Snoddy shares Matisse’s lifelong obsession with a dialogue between inside and outside. But this preoccupation can also be found in work by artists who lived long before the modern era. At the shadowy back of Velazquez’s Las Meninas, an expanse of proto- abstract darkness is suddenly interrupted by an open doorway. Most viewers looking at Las Meninas in the Prado Museum are, quite understandably, captivated by the figures from the royal court dominating the foreground. Snoddy’s eyes, however, travel through space and come to rest on this distant door-frame, enclosing a subtly silhouetted figure who is observing the scene from afar (Untitled 101 (after Velázquez), P. 64).

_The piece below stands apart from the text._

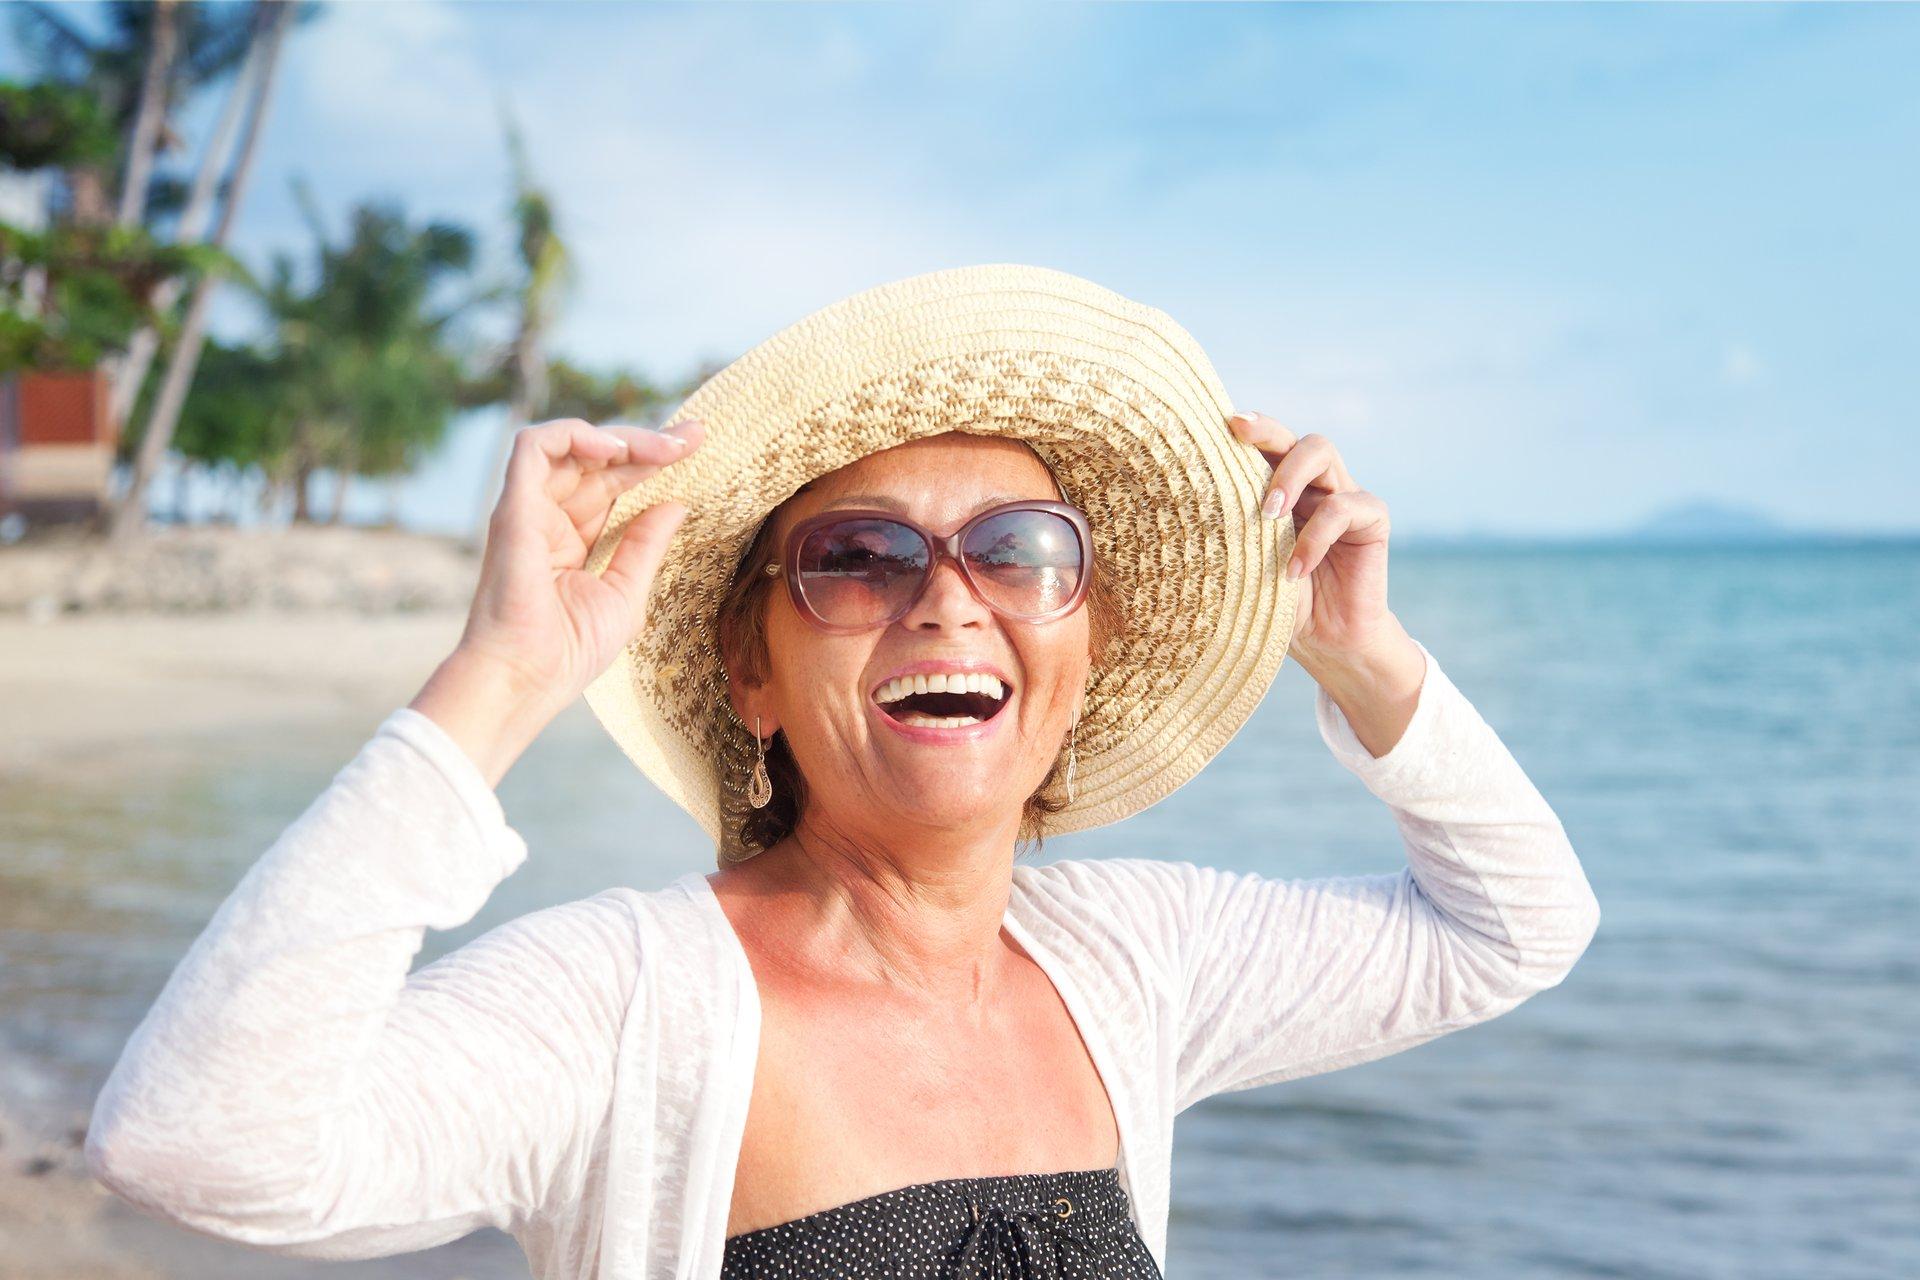 Woman in sunhat on beach.
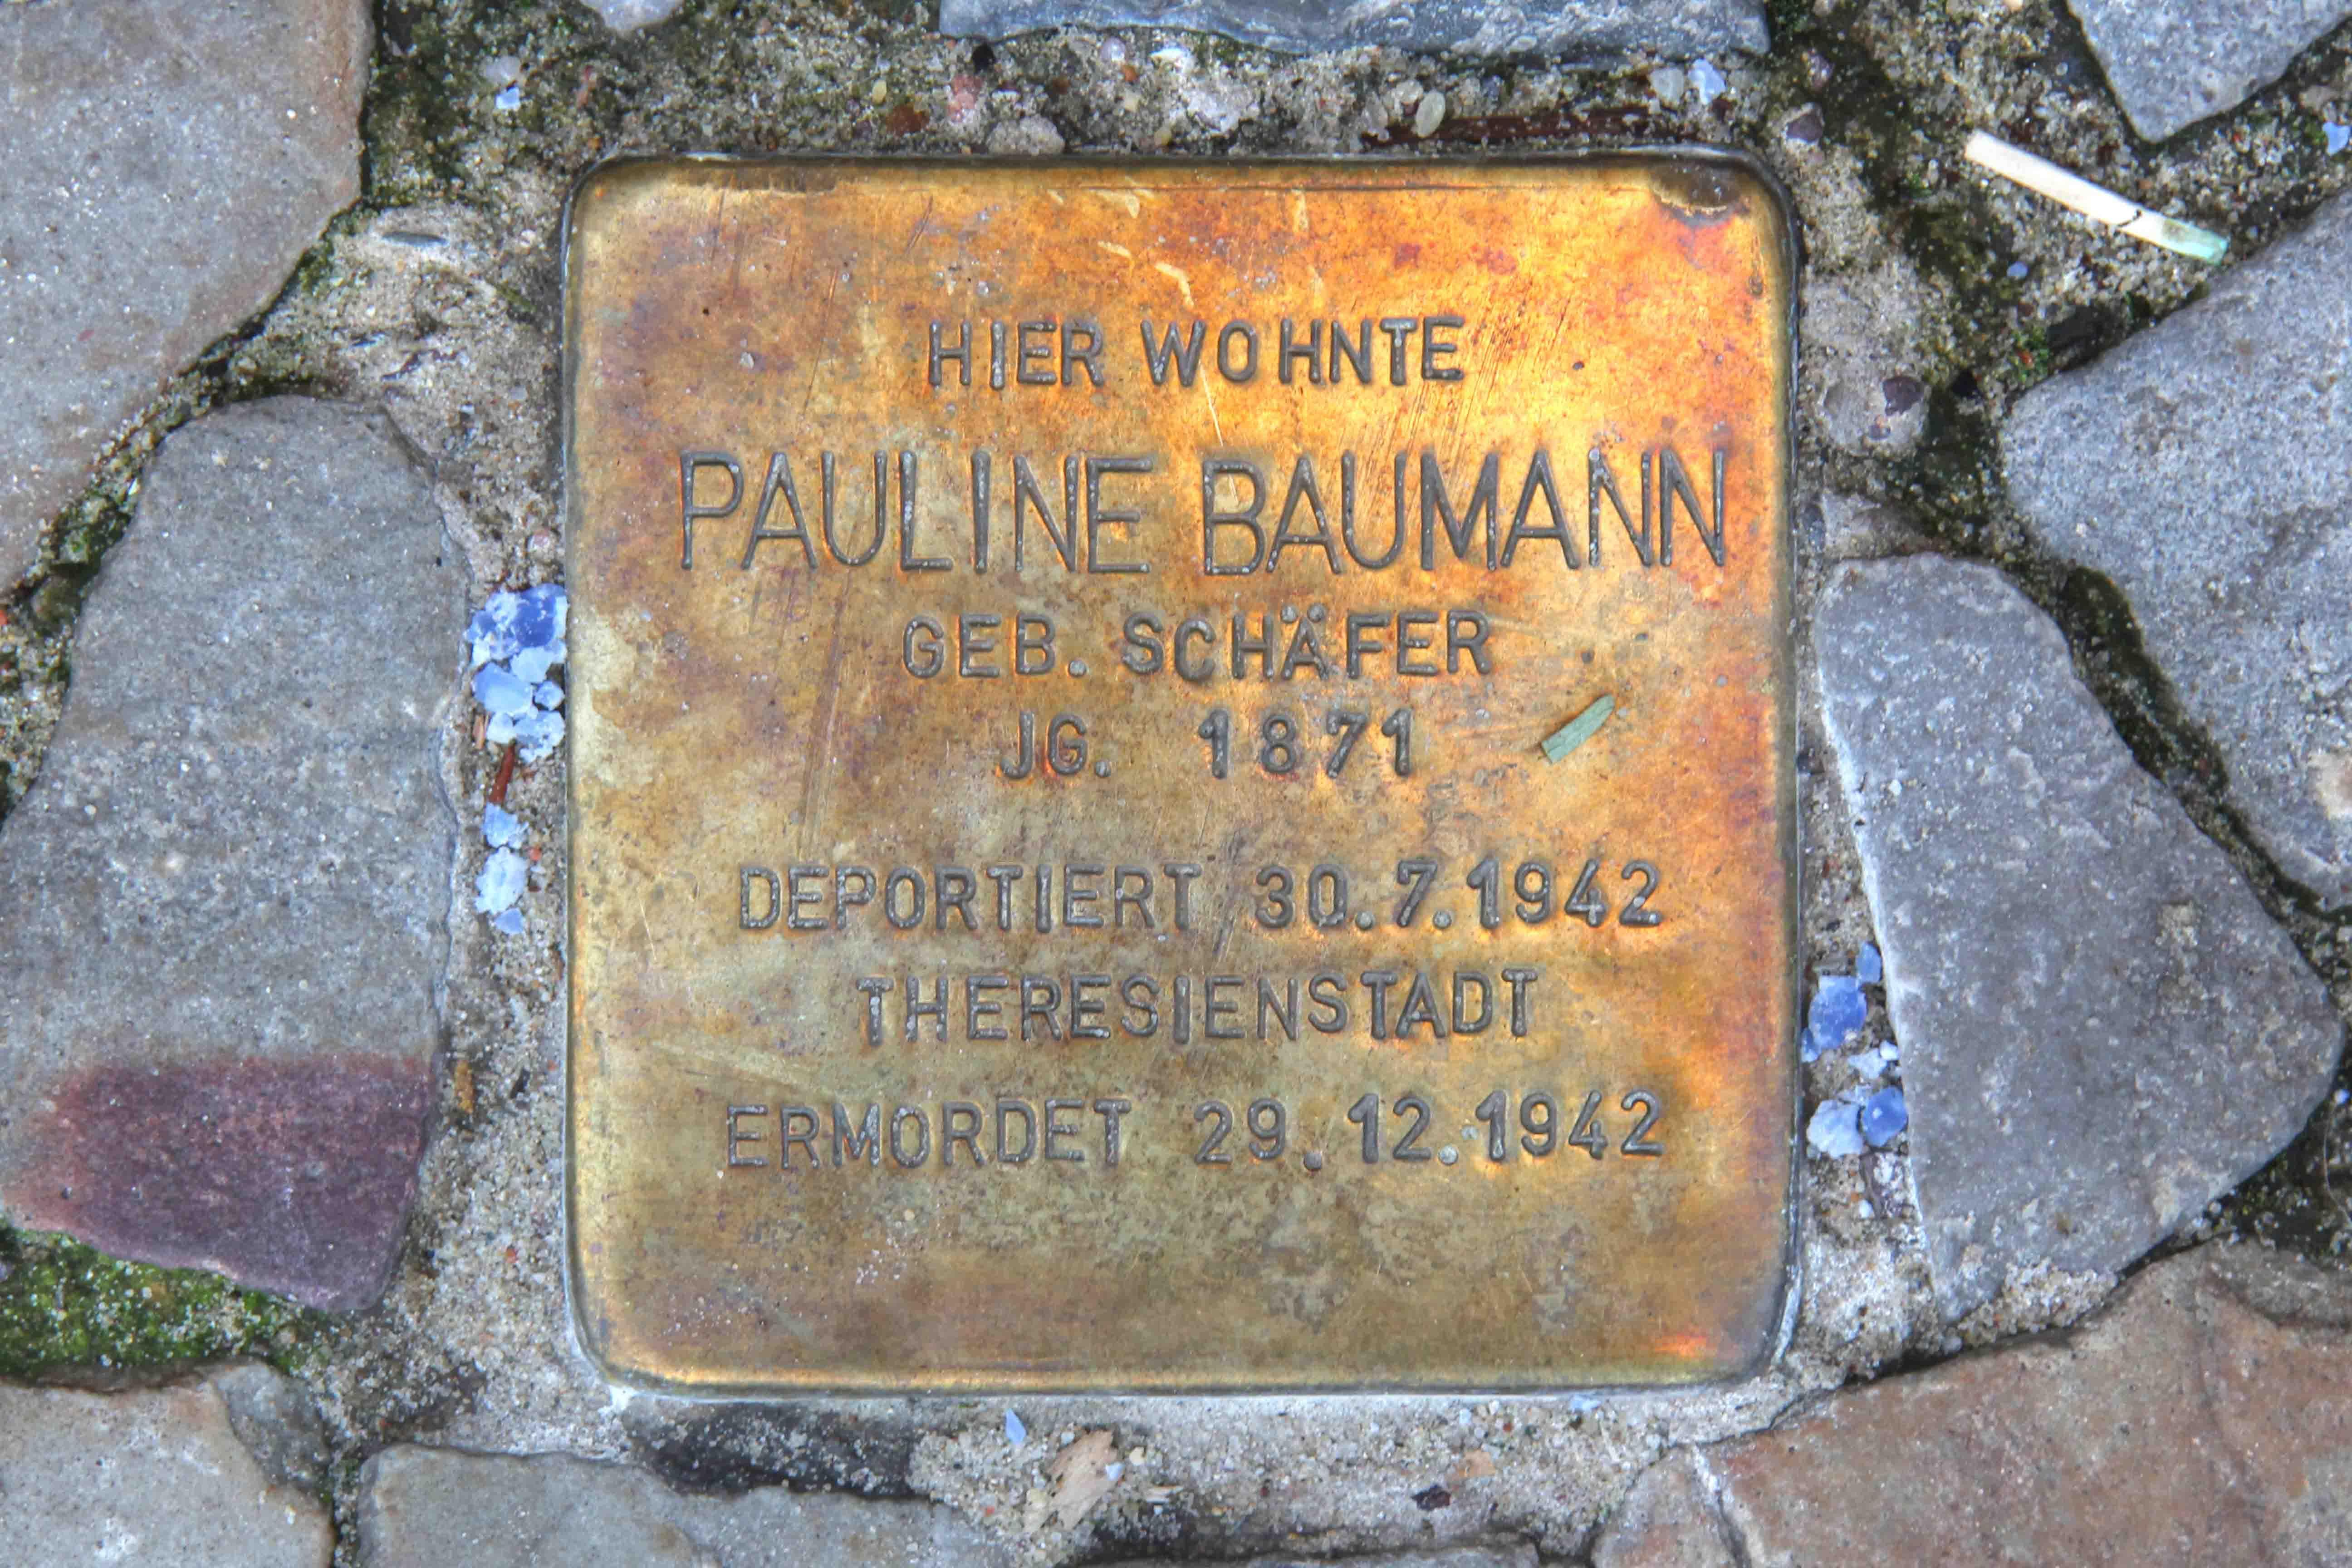 Stolpersteine Berlin 169 (1): In memory of Pauline Baumann (Leonhardtstrasse 5)

Perpetually looking at work by other artists, Snoddy now finds stimulus in painters as diverse as Mark Rothko, Vanessa Bell, Richard Diebenkorn, Hans Hofmann, Callum Innes, Piet Mondrian, Robert Motherwell, Blinky Palermo, Gerhard Richter, William Scott and Sean Scully. In very different ways they are, like him, fascinated by the manifold possibilities inherent in abstraction. It is easy, for example, to imagine how these artists affect him; Rothko’s arresting bands of colour could have strengthened Snoddy’s resolve to investigate an equally mysterious region of his own; the small but startling Abstract Painting by Vanessa Bell of 1914 in the Tate collection provides a clear bold structure; Diebenkorn’s Ocean Park series harnessed his determination in pursuit of an internal struggle for ‘rightness’; the ‘push pull’ of Hofmann; the formal beauty of Innes; the measure of Mondrian; Motherwell’s elegiac Spanish series; Palermo’s constructivist purity and order; Richter’s sheer elan; Scott’s balance and poise and Scully’s building blocks of colour. Even so, he can sometimes be enthralled by far more figurative paintings like Edouard Manet’s The Balcony (Pp. 20-21), where a group of four people gaze out at us rather than through a window or door. Snoddy responds as well to Jack B. Yeats, and in 1996 a major exhibition of his late work was accompanied by an eloquent catalogue essay where Snoddy hailed the importance of recollection in Yeats’s paintings before emphasizing that they are ‘also an affirmation of the future. They hold latent memories and attendant hopes for anyone who wants to reflect upon and explore their own imagination. As the viewer we are caught up in an imaginary journey between fantasy and reality, between the past and the future. This is the essence of Yeats’s late painting. It is the enigma of the traveller, on a journey not sure whether to go back or move forward.’

While contrasting very dramatically with Yeats’s paintings, Snoddy’s work is fuelled by a similar aspiration. He feels once again impelled to explore with sequential resolve his own buoyant vision. Although the underlying grid makes decisions, he finds himself oscillating between a greater degree of control and becoming more painterly. Looking at these fervent paintings, executed by an artist who has wholly rediscovered his creative urge, we soon become caught up in a powerful sense of excitement. These are intensely personal works and he is enthralled by a new-found ability to pursue his vision. The outcome is compelling to witness. We can share Snoddy’s immense feeling of release, and rejoice with him in the resounding, evocative and vibrant realisation of a long- suppressed energy that transforms one painting after another.